The second chapter compares Conrad's Heart of Darkness (serialized 1898; published 1902) and Woolf's Mrs. Dalloway (1925), books that reveal a splitting of the modernist self, as depicted in two sets of doubles, the binary figures of Marlowe-Kurtz and Clarissa Dalloway-Septimus Smith. Our explication of these novels will highlight a second illusion, that is, how Septimus and Kurtz have fallen prey to the illusion of a unitary self and how Clarissa and Marlow resolve to see past this illusion. In this chapter I will examine the work of French structural psychologist Jacques Lacan who, in his essay "The Mirror Stage" (1966), argues that consciousness may be understood as a mirror where an encounter take place between the self and its image; this encounter determines the stability of the ego. A similar reaction will be found to occur in the pages of Conrad and Woolf, in that these two sets of doubles resemble the binary features of the modern self.

In the third chapter, a final illusion breaks down as Conrad and Woolf depict how the illusion of a universal love between a man and a woman is revealed to be an impossibility. This chapter will highlight Friedrich Nietzsche's thoughts on love between the sexes, including On the Genealogy of Morals (1887), which sees the renunciation of such a love as a necessity. Both Conrad's The Secret Agent (1907) and Woolf's To the Lighthouse (1927) show how, in the martial relationships of Adolf and Winnie Verloc and Mr. and Mrs. Ramsay, a state of harmonious interaction between husband and wife constantly sublimates into a relationship of dominance and subjugation. In this way the illusion of a universal love is renounced and Nietzsche's admonitions are confirmed.

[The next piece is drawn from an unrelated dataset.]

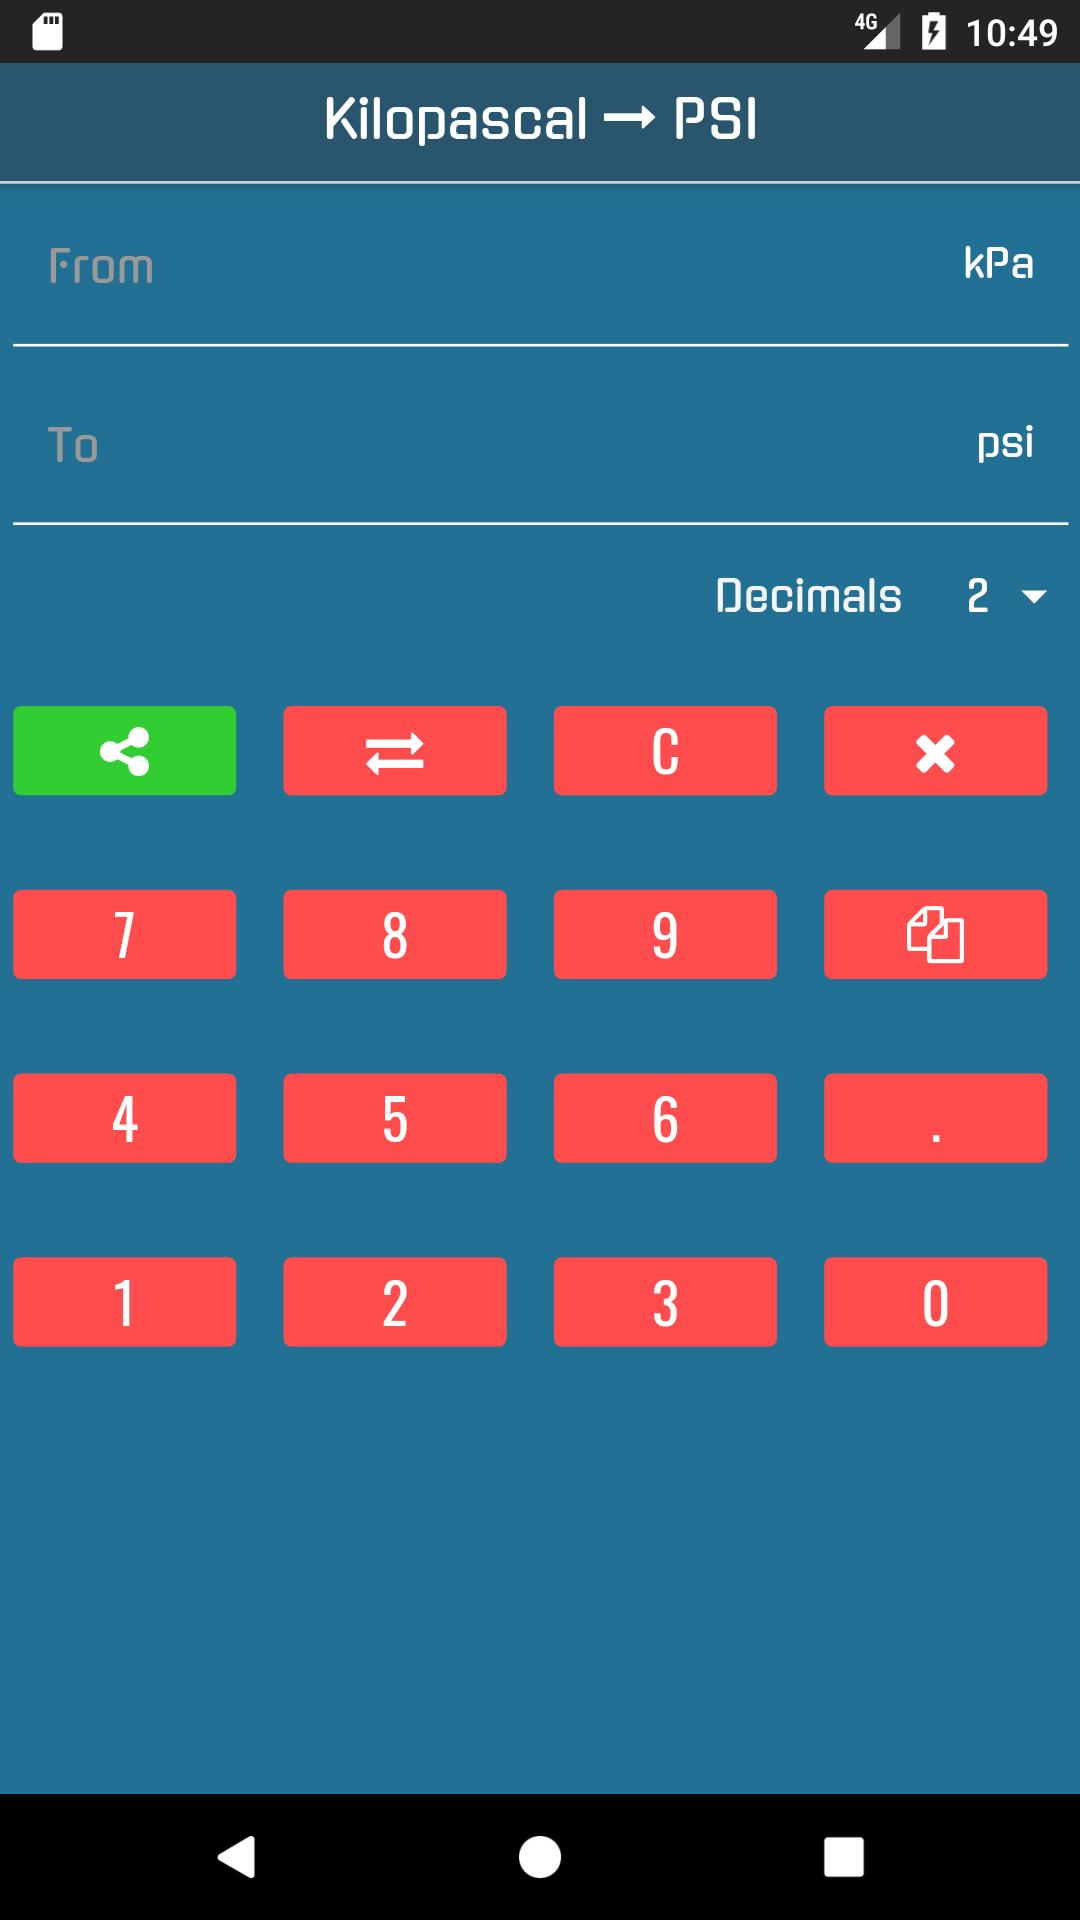 Kpa to Psi Converter for Android - APK Download

The final chapter will show how Conrad and Woolf take separate paths in their attempts to overcome the binary nature of the modern subject. Our analysis of the final pair of novels, Conrad's Nostromo (1904) and Woolf's The Waves (1931), will each incorporate a critical tool developed by the Russian thinker Mikhail Bakhtin. While Conrad's multi-voiced text indicates a shift of authorial attention to exterior and superstructural elements in his epic novel, Nostromo, Woolf retreats to the interior base of the authoring self by engaging in the multiple consciousness of The Waves. Our discussion of Waves will incorporate Bakhtin's theory of the novel as a legitimately polyphonic genre [Problematics in Dostoevsky's Poetics (1929)], while our discussion of Nostromo will highlight Bakhtin's concept of the chronotope, the lens through which the author communicates the spatial and temporal features of the narrative universe ["Forms of Time and of the Chronotope in the Novel" (1937-38)],

While these two authors share a similar vision of the formation of the modern subject, they take decidedly different paths when it comes to overcoming the problems they encounter. While I do not claim that Woolf was directly influenced by Conrad's work, I do believe, as this thesis shows, that Woolf's work derived significant benefits from having Conrad has her literary precursor. It is for this reason, then, that I feel that a non-chronological appreciation of Conrad's works may be justified. Through an analysis and critical reading of four pairs of novels by Conrad and Woolf, combined with illustrations from the history of modern philosophy, I intent to argue that the novels of Joseph Conrad and Virginia Woolf display a shared locus of concern, the formation of the modern subject.